接着会进行等待页面,我们执行我们的选择器

>>> response.css("div.quote")
[<Selector query="descendant-or-self::div[@class and contains(concat(' ', normalize-space(@class), ' '), ' quote ')]" data='<div class="quote" itemscope itemtype...'>,
<Selector query="descendant-or-self::div[@class and contains(concat(' ', normalize-space(@class), ' '), ' quote ')]" data='<div class="quote" itemscope itemtype...'>,
...]

>>> quote = response.css("div.quote")[0]

>>> text = quote.css("span.text::text").get()
>>> text
'“The world as we have created it is a process of our thinking. It cannot be changed without changing our thinking.”'
>>> author = quote.css("small.author::text").get()
>>> author
'Albert Einstein'
>>> tags = quote.css("div.tags a.tag::text").getall()
>>> tags
['change', 'deep-thoughts', 'thinking', 'world']

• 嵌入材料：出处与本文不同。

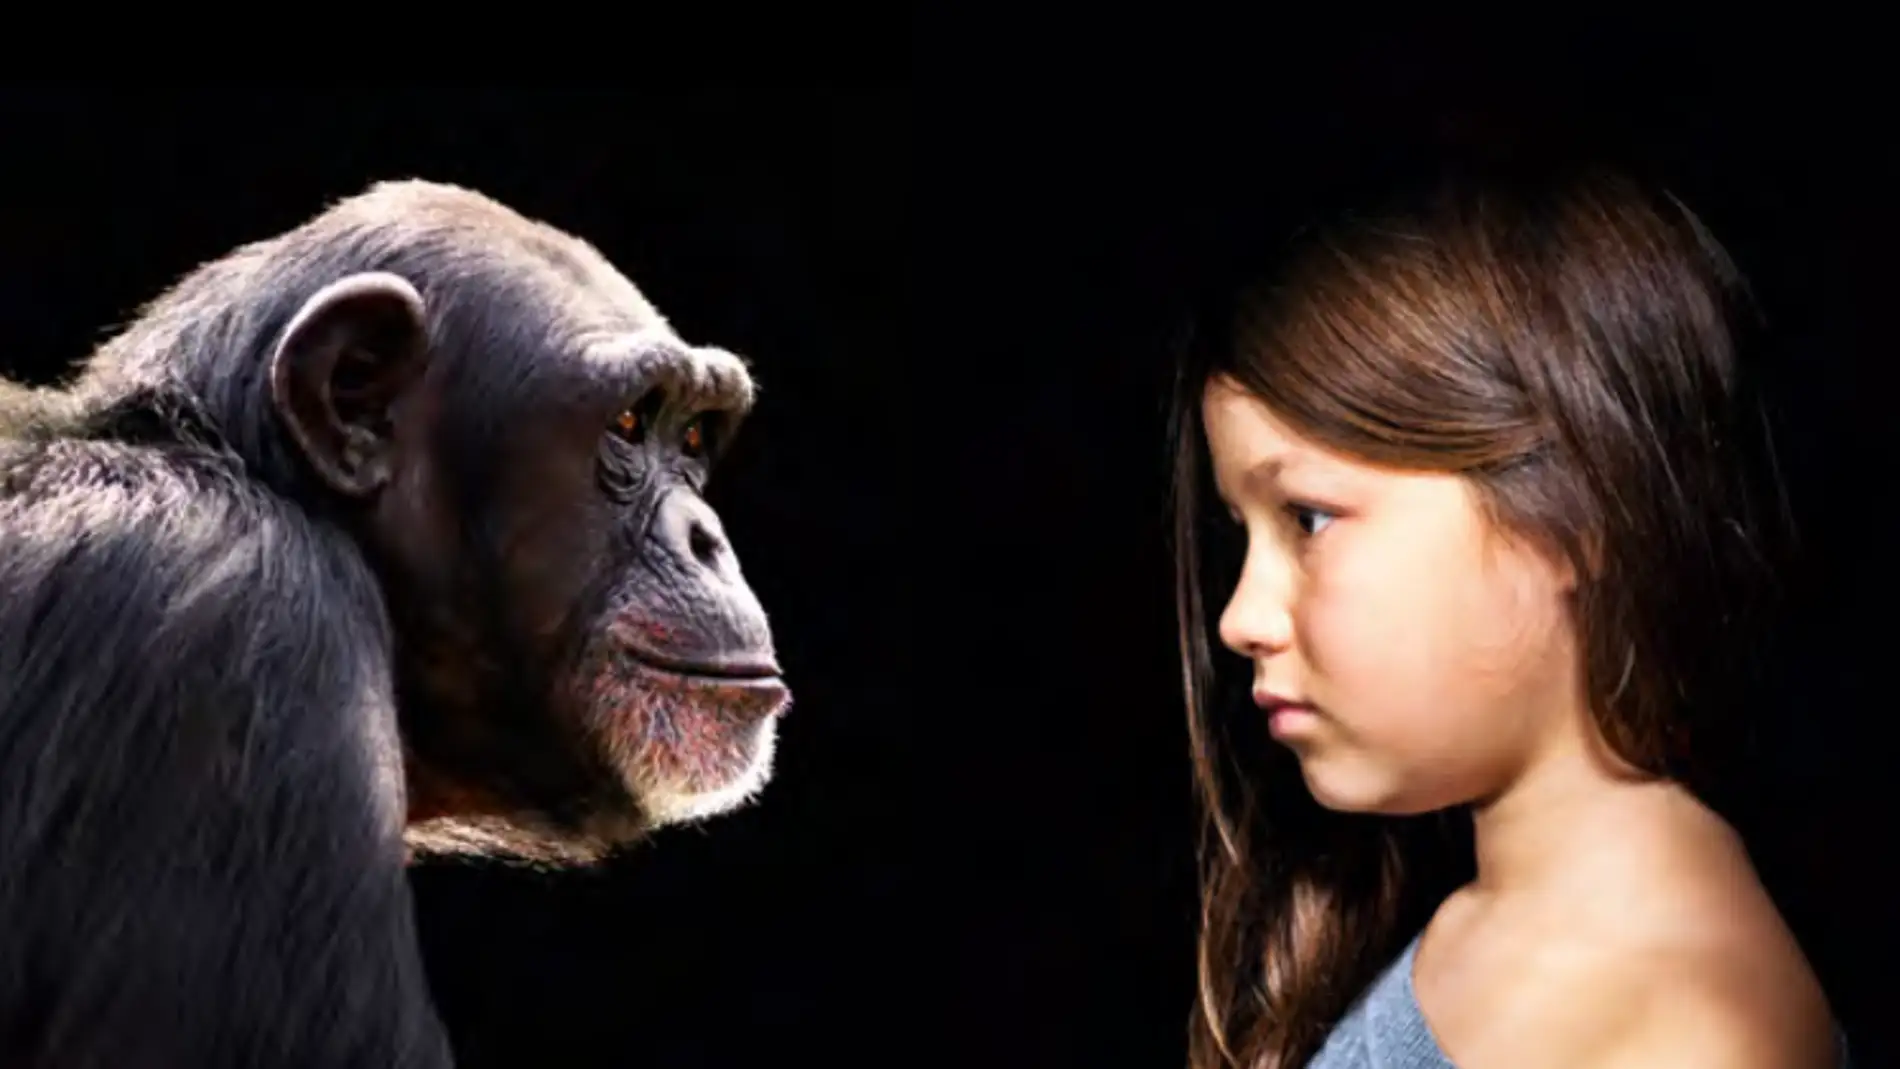 El gran cerebro de los primates se debe mas a la dieta que a su sociabilidad

>>> for quote in response.css("div.quote"):
...    text = quote.css("span.text::text").get()
...    author = quote.css("small.author::text").get()
...    tags = quote.css("div.tags a.tag::text").getall()
...    print(dict(text=text, author=author, tags=tags))
...
{'text': '“The world as we have created it is a process of our thinking. It cannot be changed without changing our thinking.”', 'author': 'Albert Einstein', 'tags': ['change', 'deep-thoughts', 'thinking', 'world']}
{'text': '“It is our choices, Harry, that show what we truly are, far more than our abilities.”', 'author': 'J.K. Rowling', 'tags': ['abilities', 'choices']}
...

如何退出 scrapy shell?

quit()

八.如何实现解析下一页直到不满足条件时停止

举个例子,当我们想安安静静看本小说又不想被满屏的广告打扰,这个时候我们就有一个爬虫需求,爬取网页中的内容,让后找到下一页,继续爬取,继续找寻下一页,直到不满足条件时停止,这个时候我们怎么实现?

有人说,我们把所有的页面url全部放到def start_requests(self)函数 urls中,这样不就可以了?可以是可以,你估计得累死。。因为第一url不可能是规律的递增变化。还有就是爬取的顺序我们需要控制或者才有其他办法。

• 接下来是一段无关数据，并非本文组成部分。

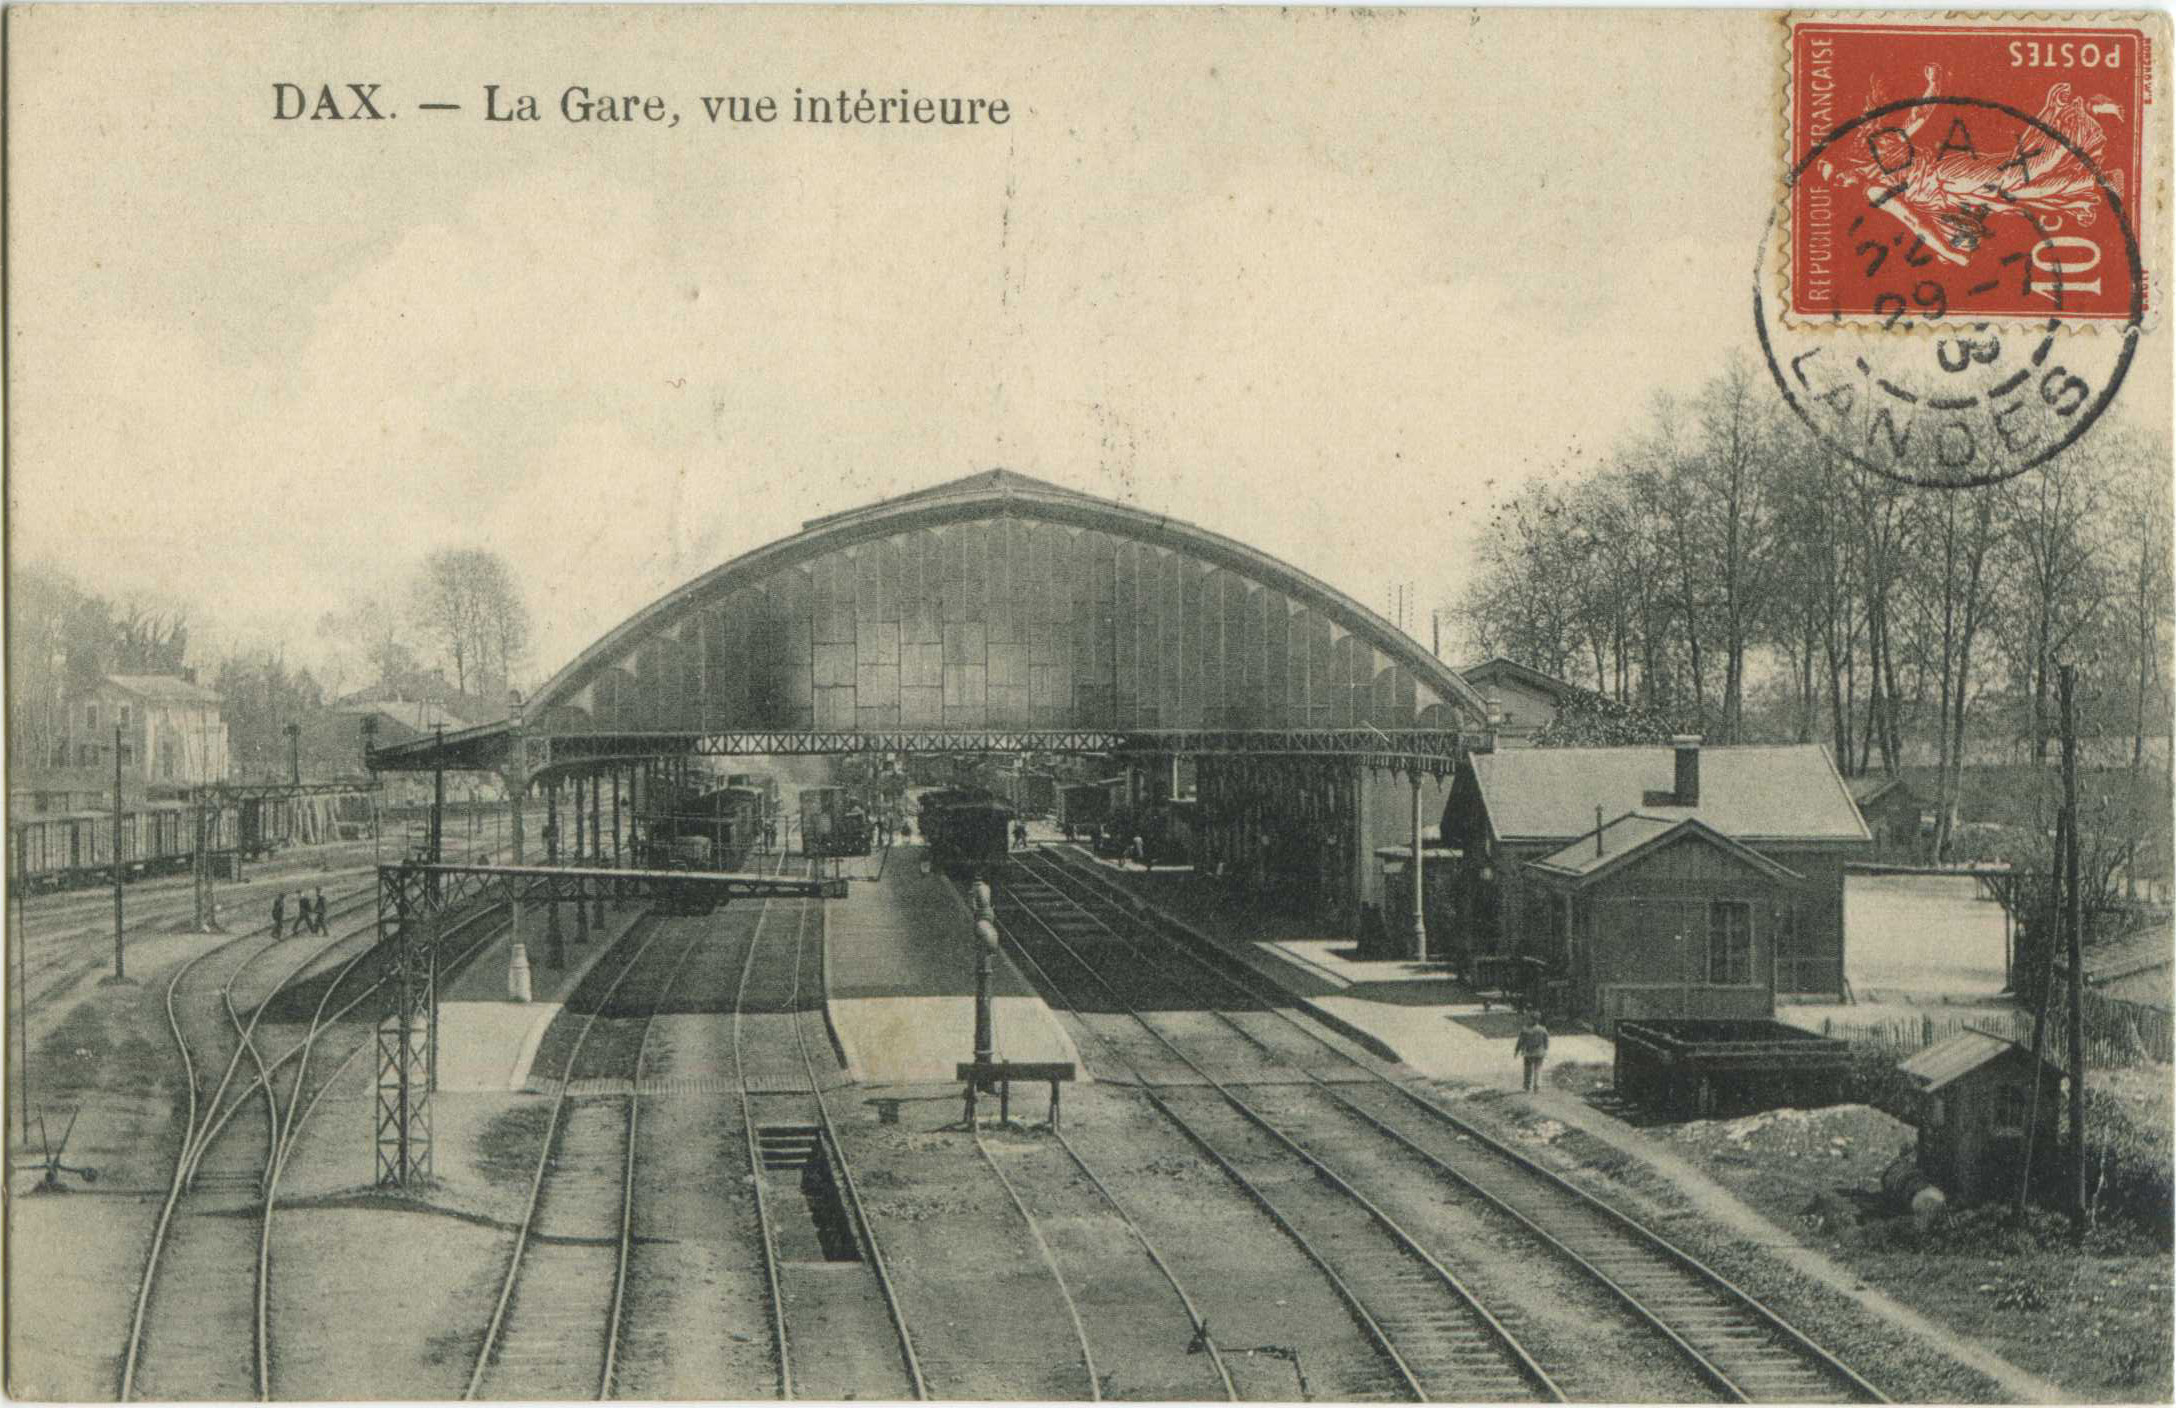 Dax - La Gare, vue intérieure

那么有没有办法我们只给起始页面,页面解析下一页的url让后返回给parse来进行循环解析呢?当然有

举例我们的下一页如下:

<ul class="pager">
    <li class="next">
        <a href="/page/2/">Next <span aria-hidden="true">&rarr;</span></a>
    </li>
</ul>

构建我们的爬虫

import scrapy


class QuotesSpider(scrapy.Spider):
    name = "quotes"
    start_urls = [
        "https://quotes.toscrape/page/1/",
    ]

    def parse(self, response):
        for quote in response.css("div.quote"):
            yield {
                "text": quote.css("span.text::text").get(),
                "author": quote.css("small.author::text").get(),
                "tags": quote.css("div.tags a.tag::text").getall(),
            }

        next_page = response.css("li.next a::attr(href)").get()
        if next_page is not None:
            next_page = response.urljoin(next_page)
            yield scrapy.Request(next_page, callback=self.parse)

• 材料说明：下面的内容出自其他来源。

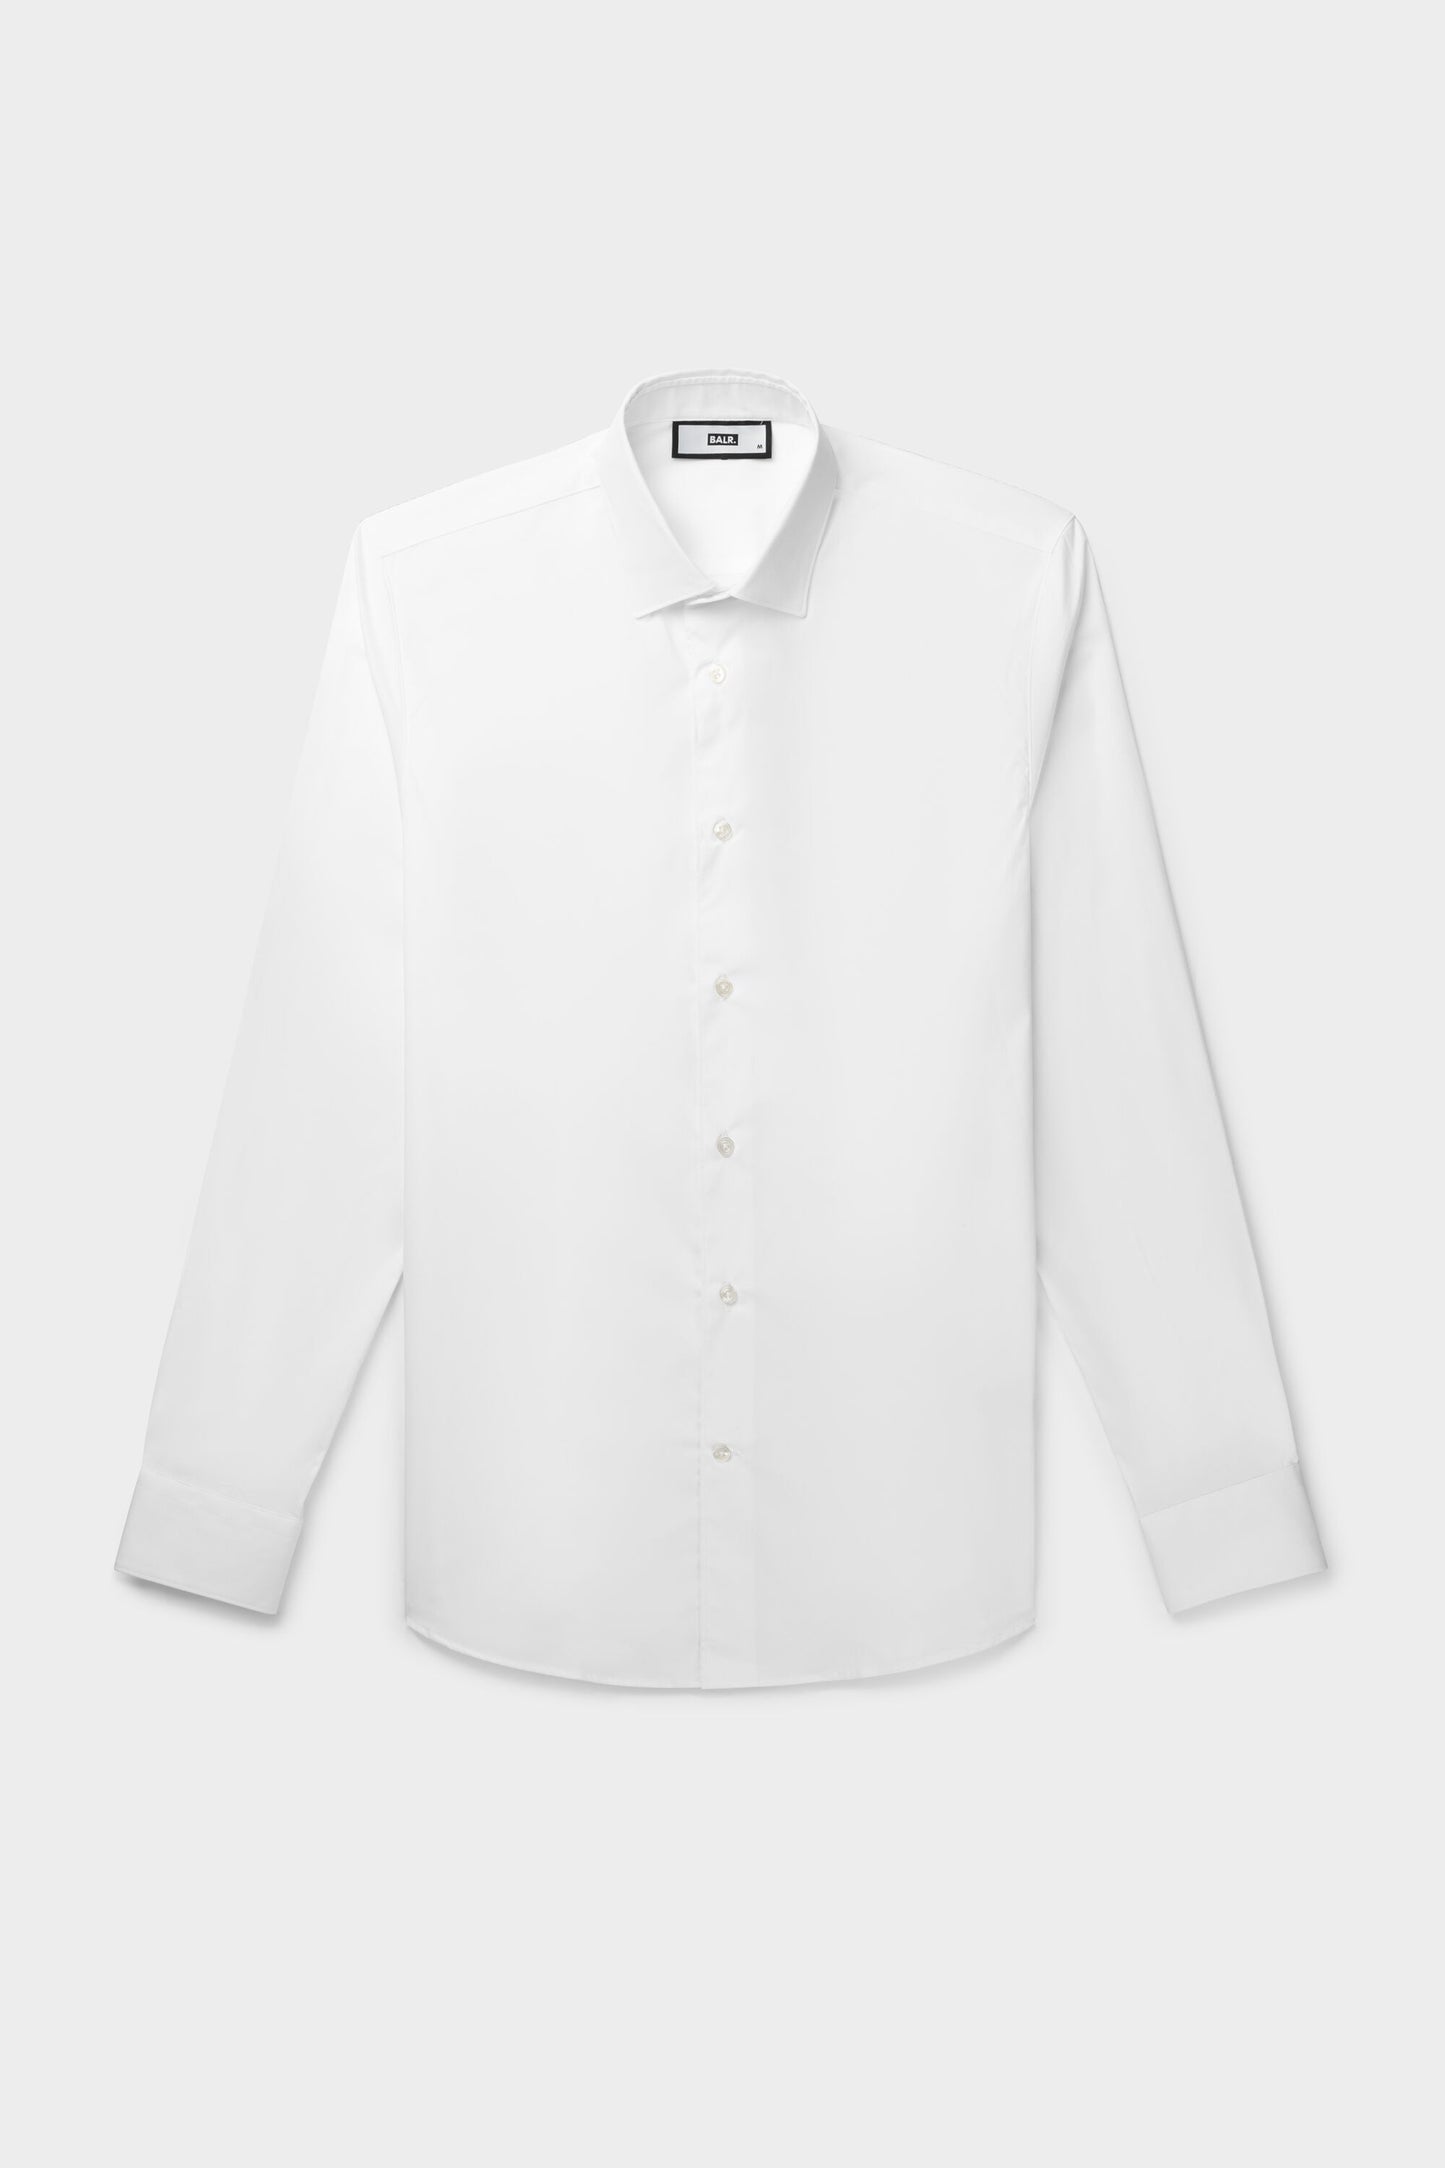 Philippe Slim Banks 2 Shirt Bright White

刚刚我们看到了,我们解析出下一页的url然后构建请求地址,然后再将请求内容返回给self.parse,直到不满足条件为止,好!非常棒!但是Scrapy框架更强大,有更简单的方法,大家接着看

方式一:response.follow

import scrapy


class QuotesSpider(scrapy.Spider):
    name = "quotes"
    start_urls = [
        "https://quotes.toscrape/page/1/",
    ]

    def parse(self, response):
        for quote in response.css("div.quote"):
            yield {
                "text": quote.css("span.text::text").get(),
                "author": quote.css("span small::text").get(),
                "tags": quote.css("div.tags a.tag::text").getall(),
            }

        next_page = response.css("li.next a::attr(href)").get()
        if next_page is not None:
            yield response.follow(next_page, callback=self.parse)

方式二:利用for循环

for href in response.css("ul.pager a::attr(href)"):
    yield response.follow(href, callback=self.parse)

方式三:直接返回a标签

for a in response.css("ul.pager a"):
    yield response.follow(a, callback=self.parse)

方式四:使用response.follow_all

anchors = response.css("ul.pager a")
yield from response.follow_all(anchors, callback=self.parse)

方式五:直接传入解析器

yield from response.follow_all(css="ul.pager a", callback=self.parse)

一个完整的例子

import scrapy


class AuthorSpider(scrapy.Spider):
    name = "author"

    start_urls = ["https://quotes.toscrape/"]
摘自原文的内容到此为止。